Tonight I am meeting two of my old friends for drinks. I am very nervous. When I say old I mean not in age but from a long, long time ago. I haven't seen these two girl friends in over ten years. The scary part is not seeing them and worrying about what I am wearing or look like, its will they still like me? These are my two high school best friends. The girls who I shared my biggest secrets with, they knew all about me and still liked me, we were going to be each others maids of honor when we got married, the girls who saw me through the best and often worse times in my life. Okay so you get the point.

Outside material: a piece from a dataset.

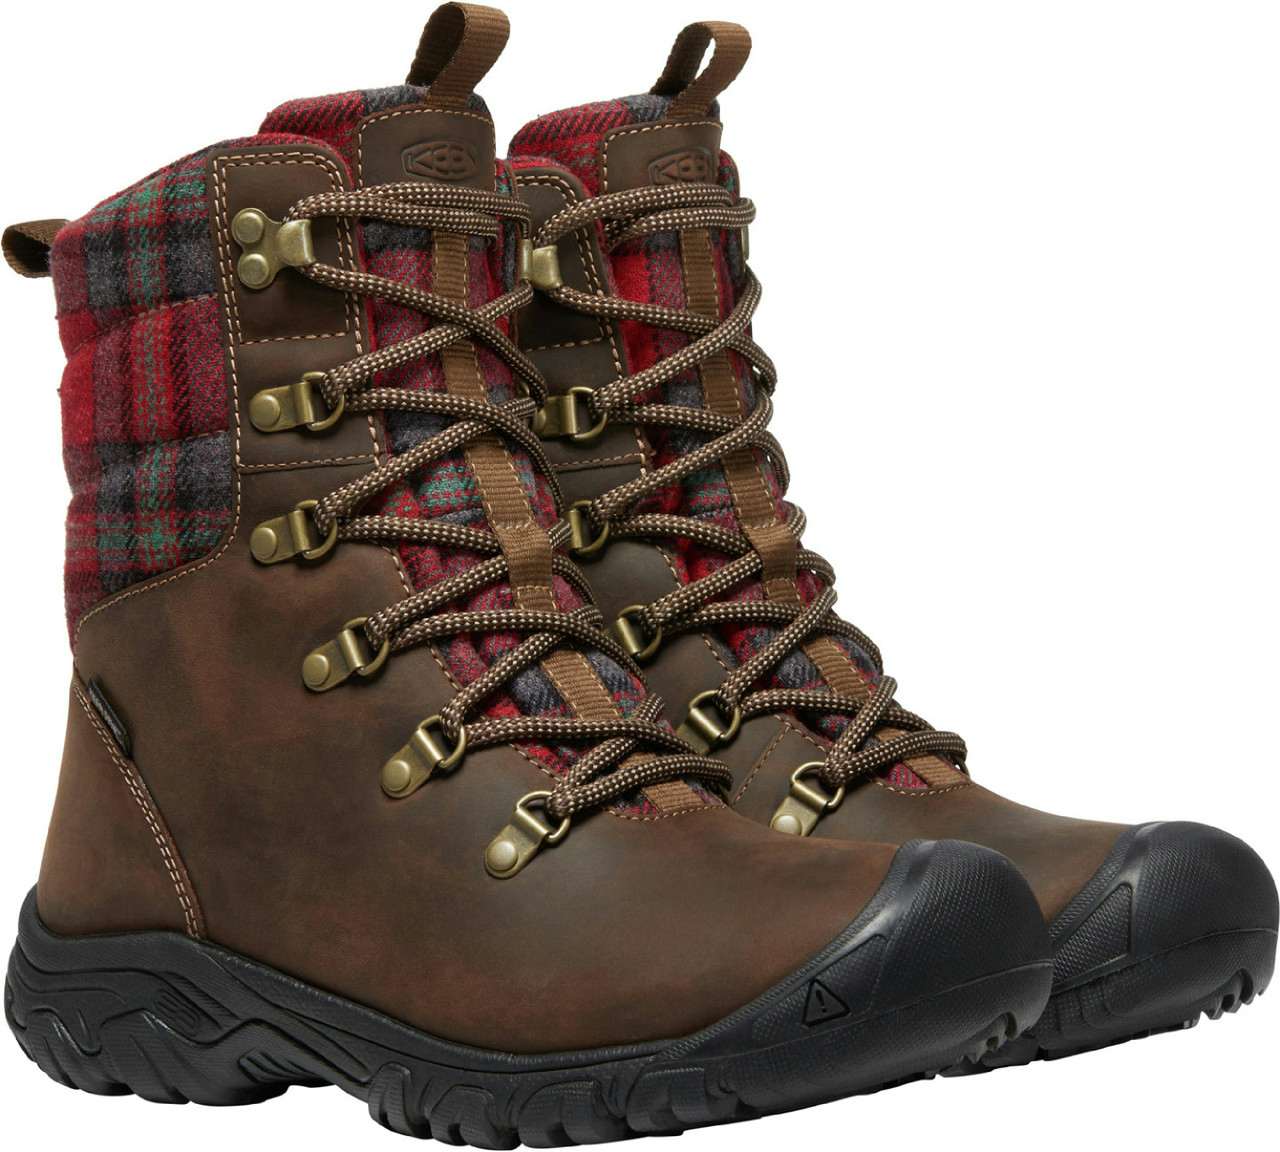 Greta Waterproof Winter Boots Dark Brown/Red Plaid

The problem is they have remained friends. I guess in a way they were always the closer two anyway, but I am worried. We didn't have some dramatic falling out or anything like that- we just grew apart in college- different sororities, friends, boyfriends. So I have to ask, have I become the person we always said we wouldn't be? What if they think I am not funny or friendly, what if my life is just completely boring to them. I don't know much about what has happened to them since we last saw each other. They are single and live a block apart. I am married, with a baby, and our lives are very different. I just can't help to think if we were that great of friends why aren't we still in touch? Through this wonderful world wide web we got back in touch with each other and tonight will take the plunge and see each other again.
I wonder if they are dreading it? That would suck. I hope they are excited. We will see.
Just be yourself. They will love you and if they don't not like it is going to change your life. You will just go back to the great friends you already have. It will be fine. Have fun and relax.